◆ **REQUIREMENT**
Take the entries below and print only the lines from the one with "retro музыка подлинная" through the one with "Giuseppe's Restaurant Chesterfield Menu - 1", exactly as they stand, both ends included.

◆ **RECORD EXCERPTS**
———
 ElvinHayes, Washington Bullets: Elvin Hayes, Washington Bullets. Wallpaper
———
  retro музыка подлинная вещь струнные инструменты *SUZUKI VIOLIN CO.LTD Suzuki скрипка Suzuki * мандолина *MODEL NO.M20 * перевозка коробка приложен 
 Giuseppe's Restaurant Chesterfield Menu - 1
———
◆ **THE COMPLETED TASK**
  retro музыка подлинная вещь струнные инструменты *SUZUKI VIOLIN CO.LTD Suzuki скрипка Suzuki * мандолина *MODEL NO.M20 * перевозка коробка приложен 
 Giuseppe's Restaurant Chesterfield Menu - 1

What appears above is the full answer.